Inspired by the true story of teacher-turned-pretend-assassin Gary Johnson (as reported by journalist Skip Hollandsworth in a 2001 article for Texas Monthly), Hit Man sees Powell re-team with Linklater, this time on a deeper creative level as co-writer. It takes the real-life nugget of Gary’s unusual side-hustle and expands it into a tale of murder, mystery and mugshots. Powell starts off the movie playing against type — his Gary is a socks-and-sandals-wearing loner and birdwatcher, with two cats and a bad haircut.
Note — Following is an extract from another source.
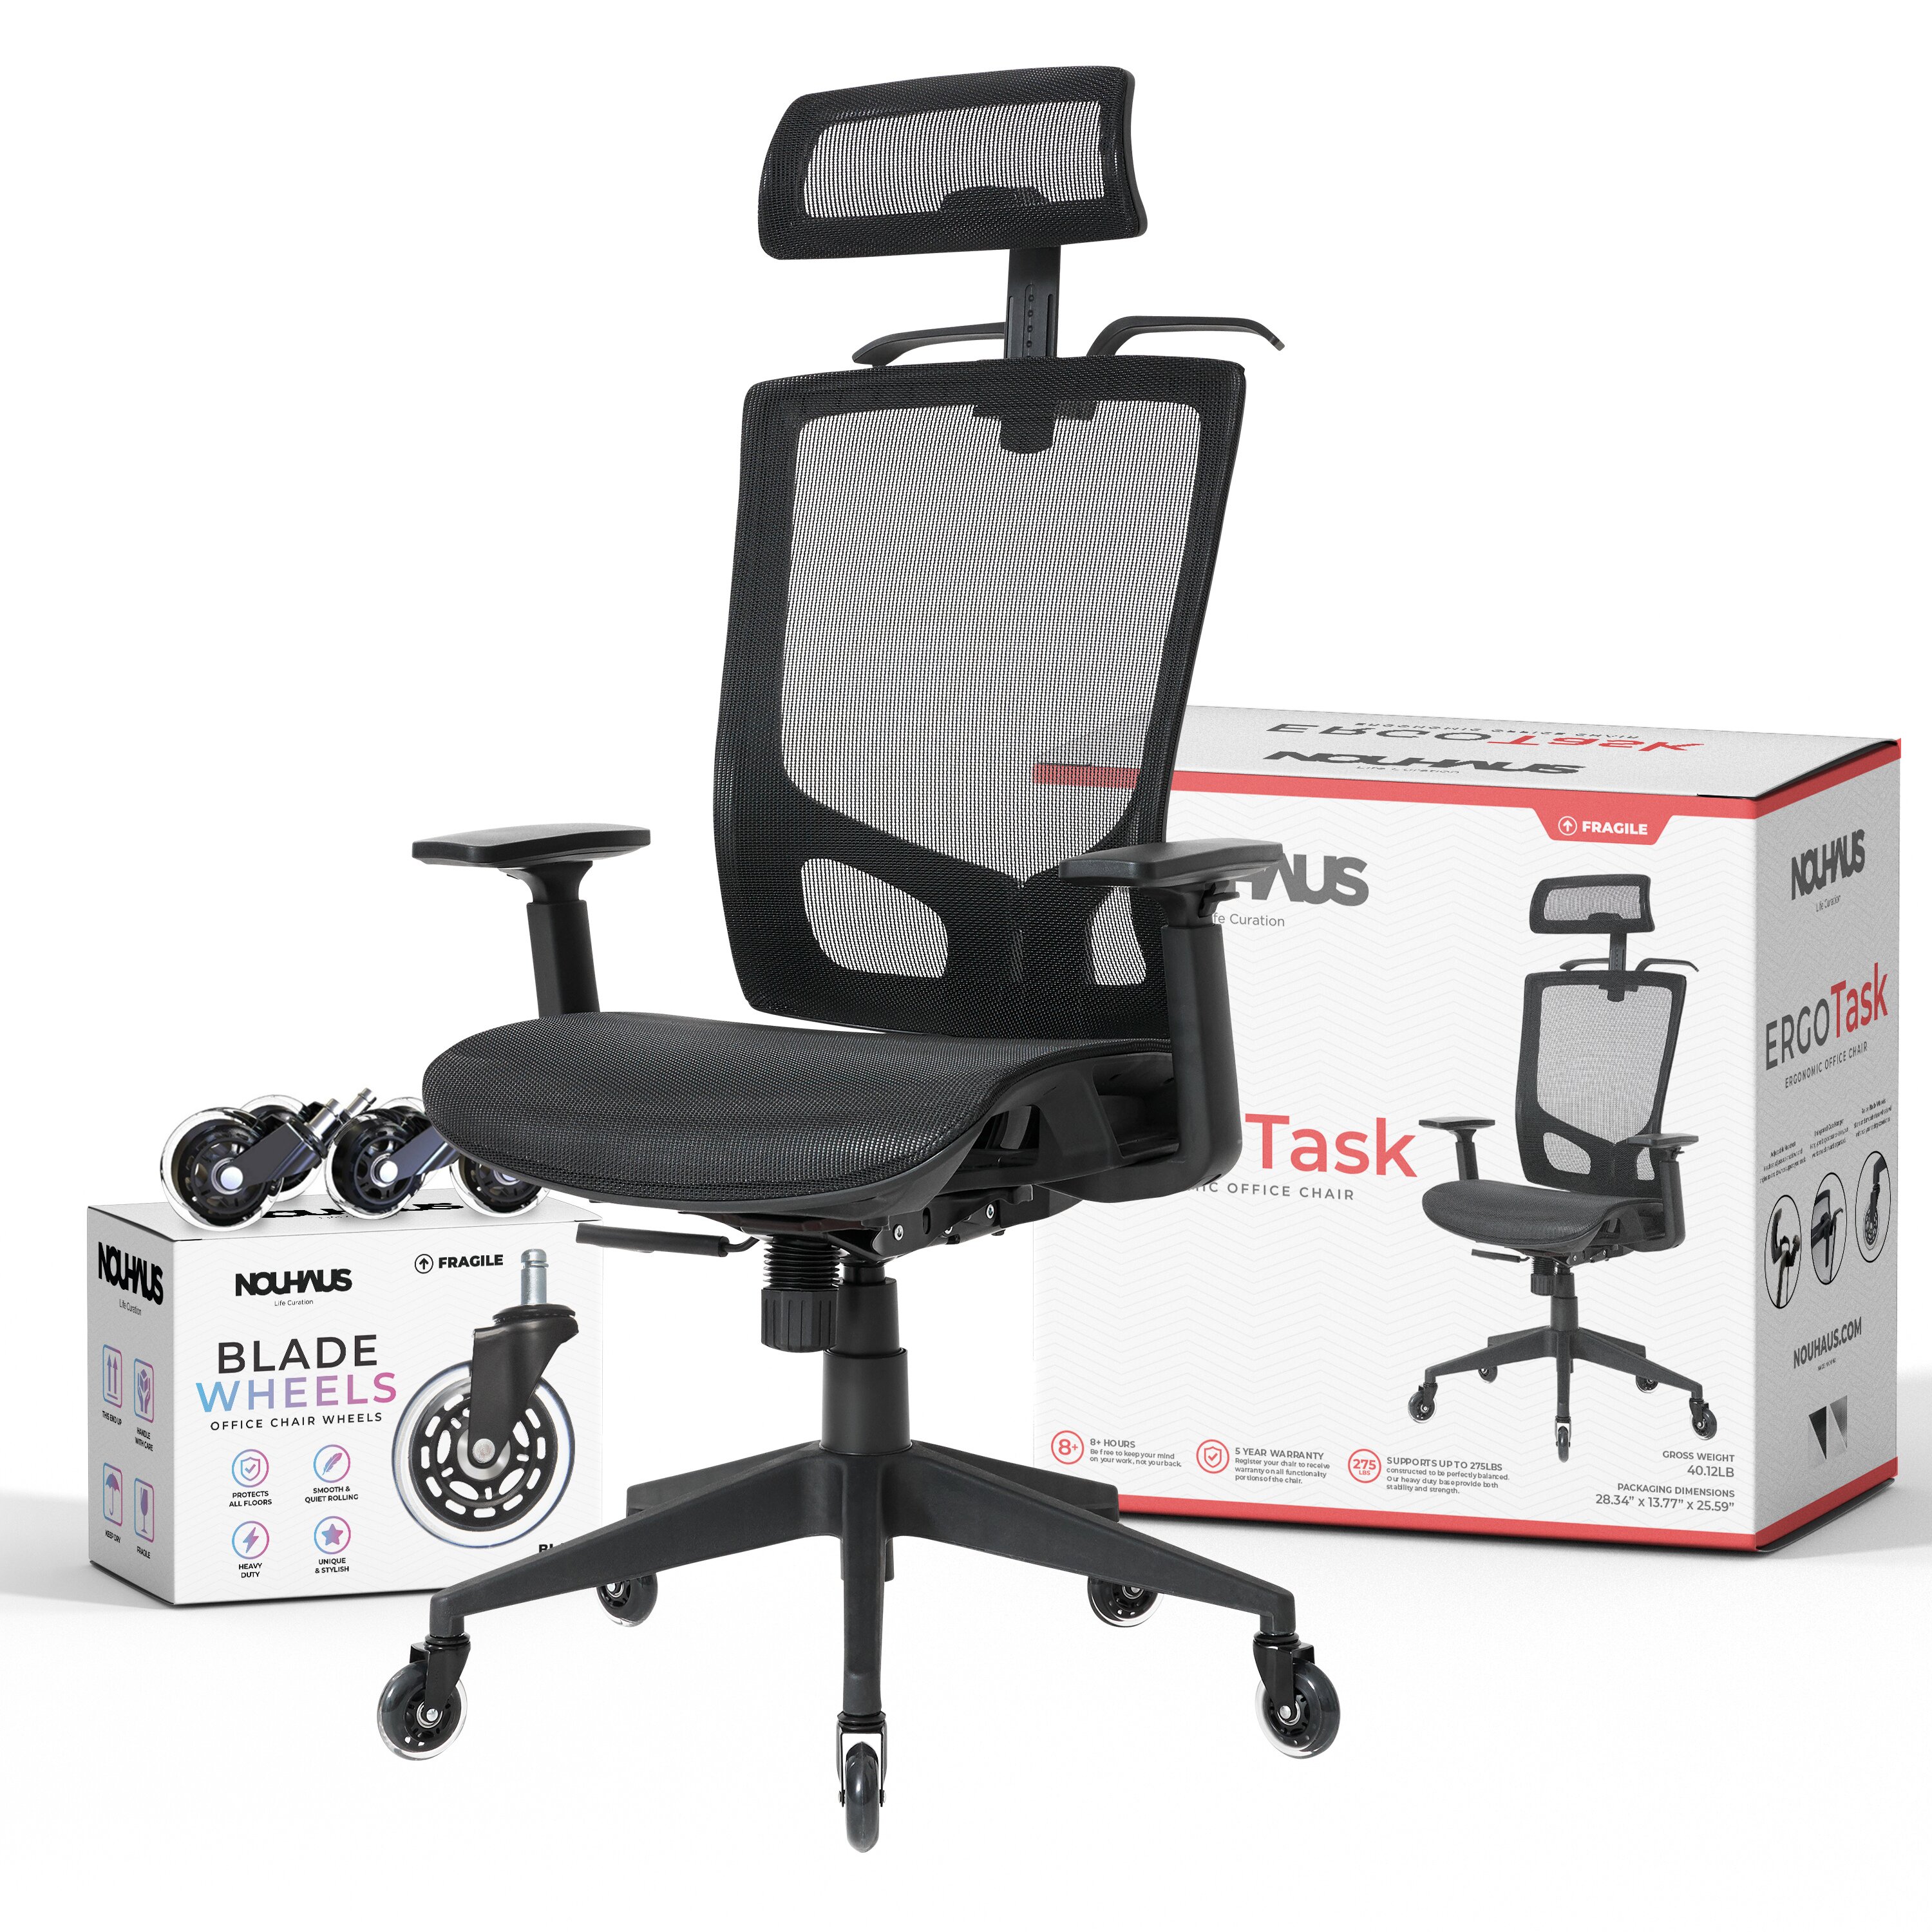 https://assets.wfcdn.com/im/5695910/compr-r85/1495/149507929/ergotask-task-chair-with-headrest.jpg

But when he’s asked last-minute to assume the role of fake hit man, so as to lure those looking to hire him into confessing plainly enough to warrant being arrested, he is intoxicated by the confidence that being somebody else gives him.
Arjona's chemistry with Powell is sizzling, captured by Linklater through tactile touch and lingering eye contact.
Cue a hilarious roll-call of disguises, as Gary delights in researching his targets and figuring out the exact type of hitman that will draw them over the line into illegal territory. There’s the tattooed redneck with wrap-around sunglasses and camouflage bandana; the Russian-accented, cigar-chomping goth in the black leather coat; the slick-haired, sharp-suited yuppie who looks like he came straight off the set of American Psycho; the freckle-faced British guy with a ginger bob, dressed entirely in orange; and many, many more. Powell sinks entirely into every one of these identities, going full-on goofball with impeccable comic timing.
His finest character, though, is handsome charmer Ron. He is the assassin that Gary devises for Madison (Adria Arjona), a woman looking for a way out of her abusive marriage — but upon meeting her, Gary forgets his mission, letting Madison get away with her potential crime before striking up a relationship with her in his Ron persona. Arjona embodies both fieriness and fragility in what is surely a breakout role for her, making Madison an irresistible match for Gary/Ron while making sure there’s always something off about her that we can’t quite put our finger on. Her chemistry with Powell is sizzling, captured by Linklater through tactile touch and lingering eye contact. A romance based on lies and murder-for-hire is not exactly a healthy dynamic, but the pair are too magnetic for you to care, their charisma together oozing off-screen even when the plot becomes more heightened and melodramatic.
Though the narrative has plenty of twists and turns, Linklater’s direction still manages to evoke the cosy, comfortable vibe of his best hang-out movies. Hit Man’s visual style is clean, unfussy — not vastly inventive, but sunny and colourful and engaging. That fresh, modern aesthetic juxtaposes nicely with a more traditional, jazzy score throughout. But while there are a few dramatic scenes that work at building tension, especially in the third act, the film mostly speeds along on a pretty even keel — always entertaining, but never quite delivering huge shifts in tempo or emotion. Questionable, too, is just how quickly Gary is able to shift gear from being a bumbling, socially-awkward techie into a cool-as-a-cucumber contract killer. The script uses Gary’s work as a psychology and philosophy teacher to go some way into digging into this, and the ethics of his faux assassin role, but that exploration remains fairly surface-level.
Gary’s whiplash-inducing personality changes are but a quibble — those aside, Hit Man delivers on just about every level. It’s funny, sexy, thrilling, fascinating. It’s original, and refreshingly so. It’s simply a friggin’ good time at the movies — and so, more’s the pity that it will receive such a limited theatrical run after being picked up for distribution by Netflix. If you can, try to experience Linklater, Powell and Arjona’s heady concoction for yourself on the big screen.